Это будто заговор. Намереваясь под единым законом праведно убить Григорию Рыкову физически, кто-то решает сделать это, для репетиции, морально. Иначе почему так больно бьют? Заныло все тело от бессилия и отчуждения. События последних дней сильно выматывают Гришу, и она готова сдаться: расследование – это глупая идея. Она не следователь, Славгород – не преступная цитадель. Все, Гриша, фу. Нельзя.

Взгляд Ильяны не сочувственный и не жалостливый. Это работа, борьба и больше ничего. И все же природная кошачья эмпатия ноет, как опухшая гноящаяся рана. Гришина беда сочится, но сама она от нее отворачивается, не желая замечать.

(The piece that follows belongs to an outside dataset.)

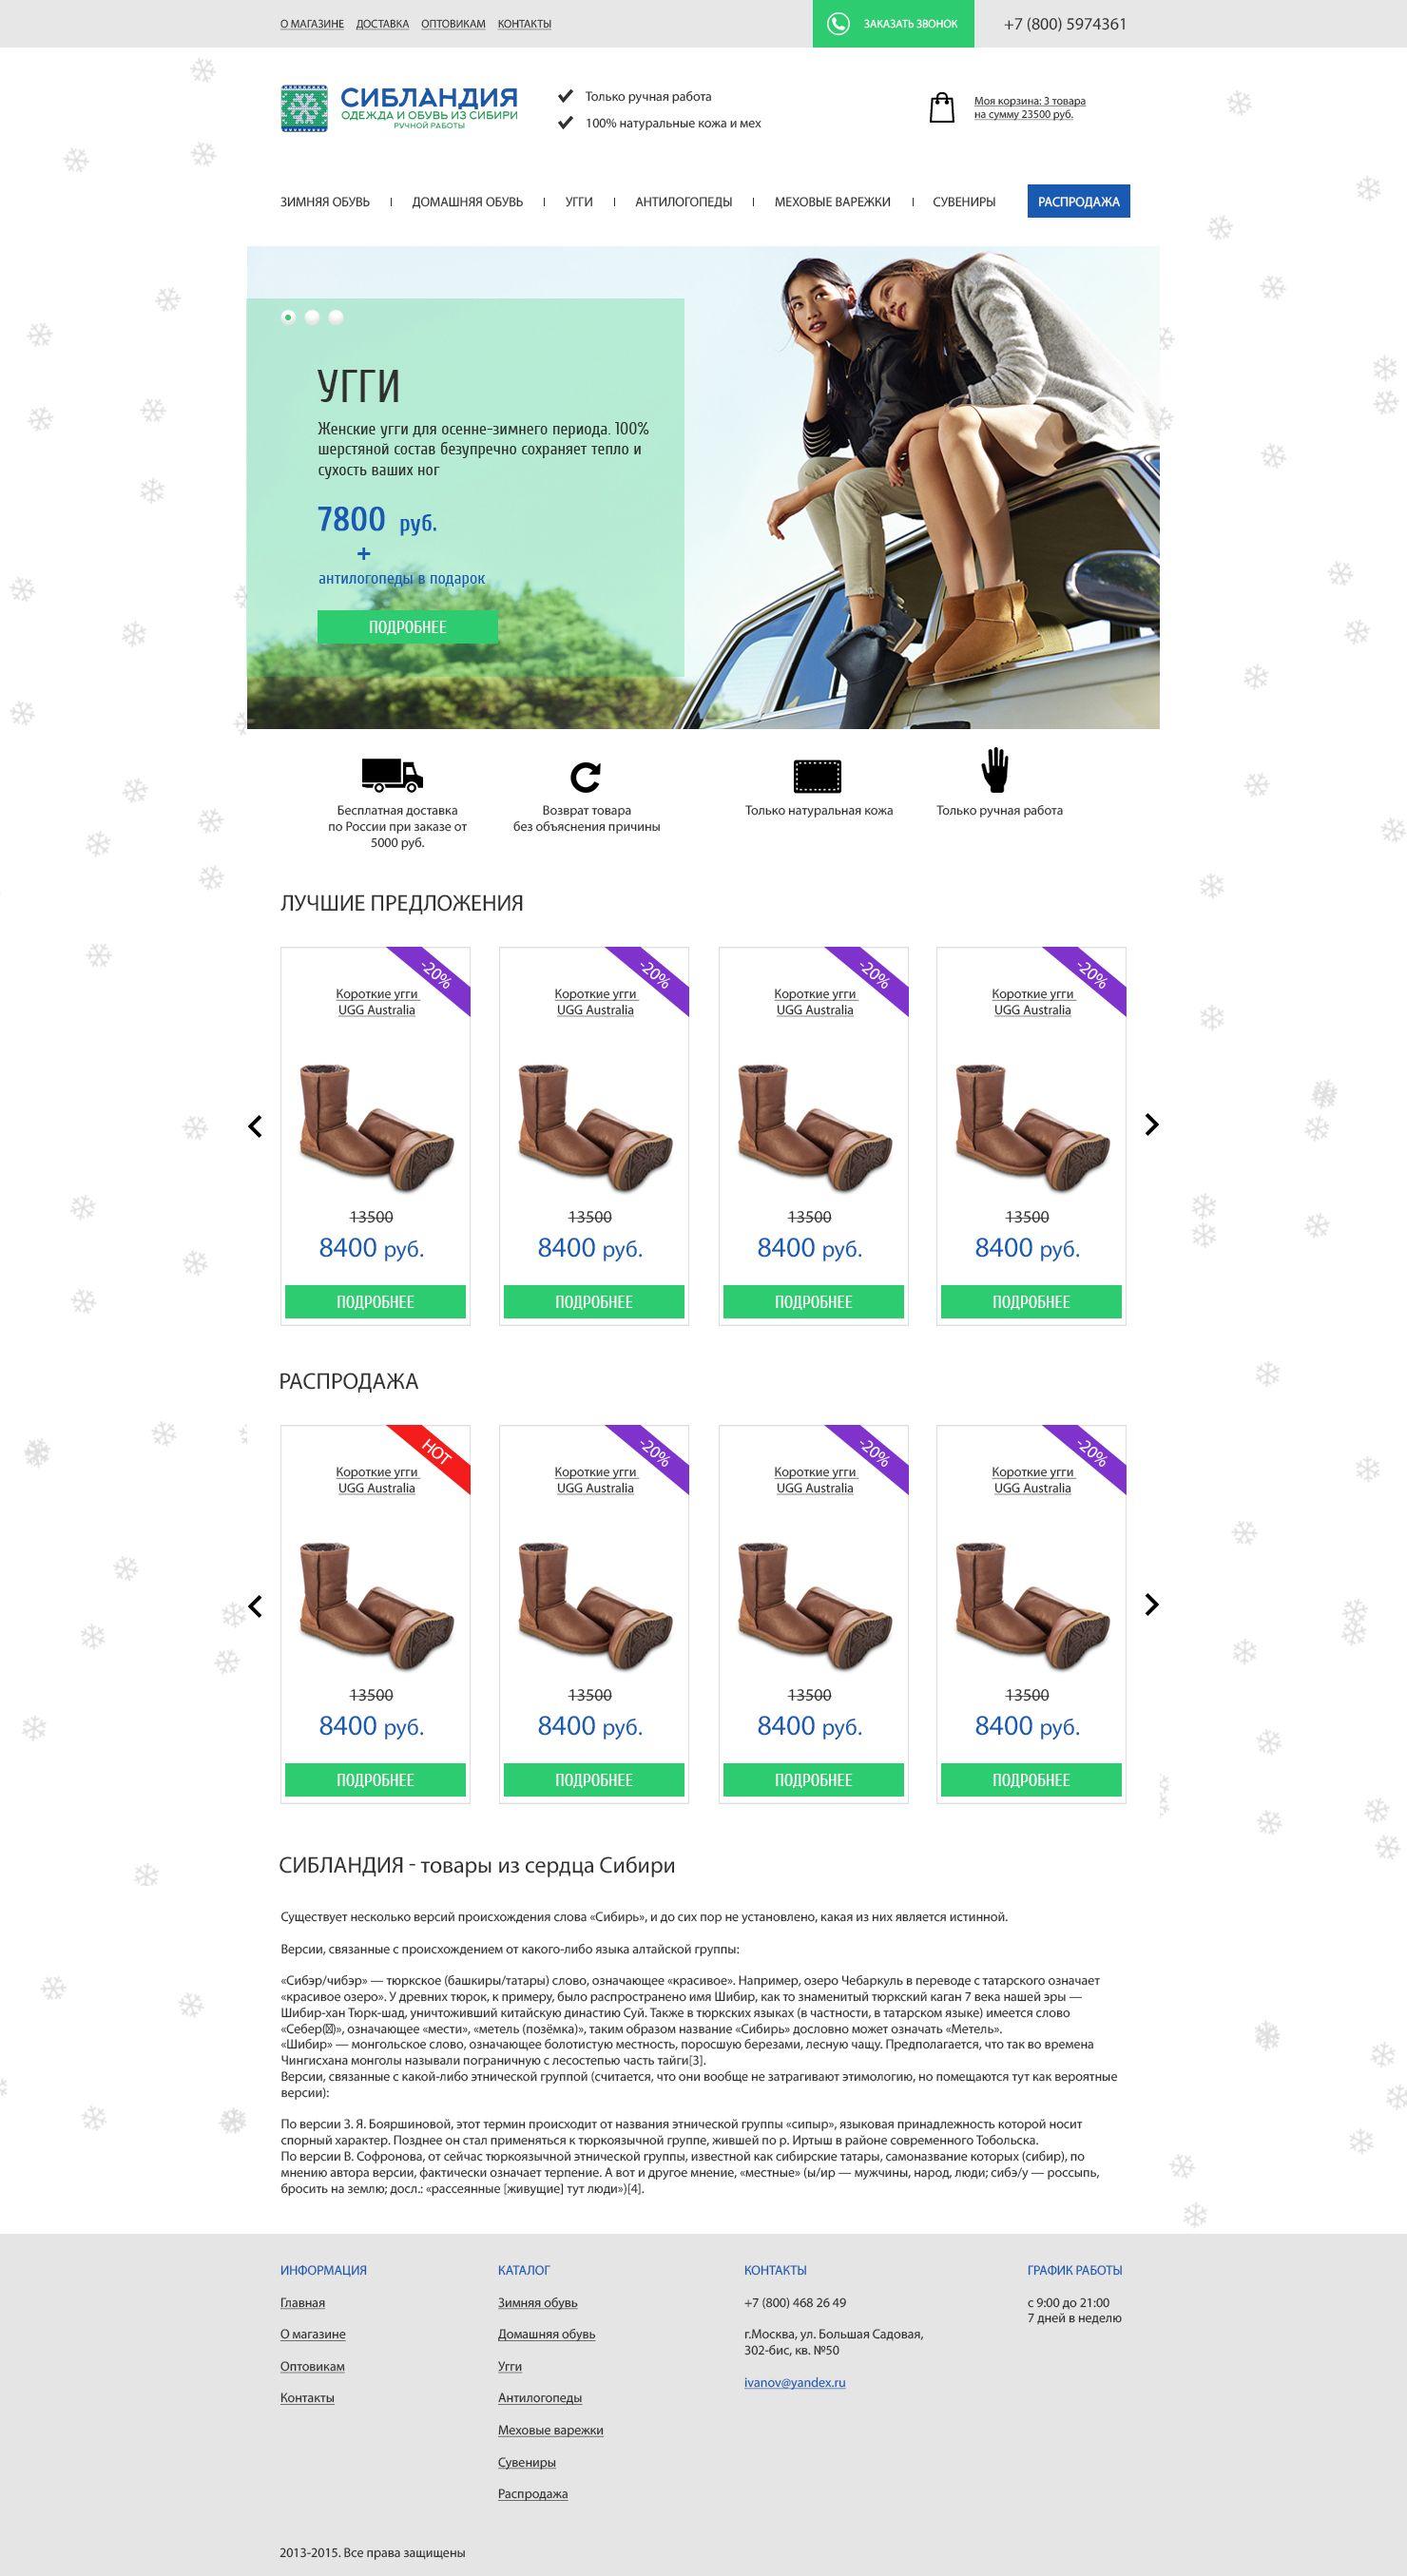 Дизайн сайта Сибландия — siblandia.ru - дизайнер TobiX

– В первую очередь мы говорим о том, что ни одна живая душа не достойна умерщвления. – Альберт Харитонов заумен, высокопарен, подкован знаниями, но Григория не готова к такой поддержке. Никакие гибридские медицинские атласы не помогут залезть в крепко закрытую собачью душу.

– Хватит, – молит Ильяна за Рыкову, зная, что молчание той будет долгим. Но после голос ее меняется. – Ей плевать на твои убеждения. Она пришла сюда показать нам, что готова перед смертью на что-то сгодиться. Пришла выслужиться перед своими – до последнего вздоха.

Удивительно, как эта кошка точна в своих высказываниях. Рыкова захлебывается воздухом на ее полуслове, угадывая, к чему она начнет клонить прямо сейчас.

– Заткнись! – Григория, вопреки решениям Ильяны, взревела нечеловеческим рыком. – Кто ты вообще такая?!

Позже Ильяна расскажет, она – плохая девочка из плохой семьи. Но сейчас она лишь пожимает плечами, словно сама себя не знает. Гриша могла бы упрекать ее молодостью, безрассудностью, но она только воет про себя по-волчьи, чувствуя у себя в крови отголосок предков. Все они чувствуют – начался сезон охоты. И хищница тут, вопреки всему, – Гриша. Ильяна на секунду вздрагивает от горячей хмурости, пришедшей по ее душу представительницы власти.

– Альберт, объяснись ей.

Харитонов мнется, выгибая пальцы в неловкий замок. Он разбирал в своей практике различные сложные случаи, но мирить власть и сопротивление ему еще не приходилось. Он не рад, что Ильяна совсем не воспринимает Гришу как серьезную угрозу – по крайней мере, не признает этого вслух.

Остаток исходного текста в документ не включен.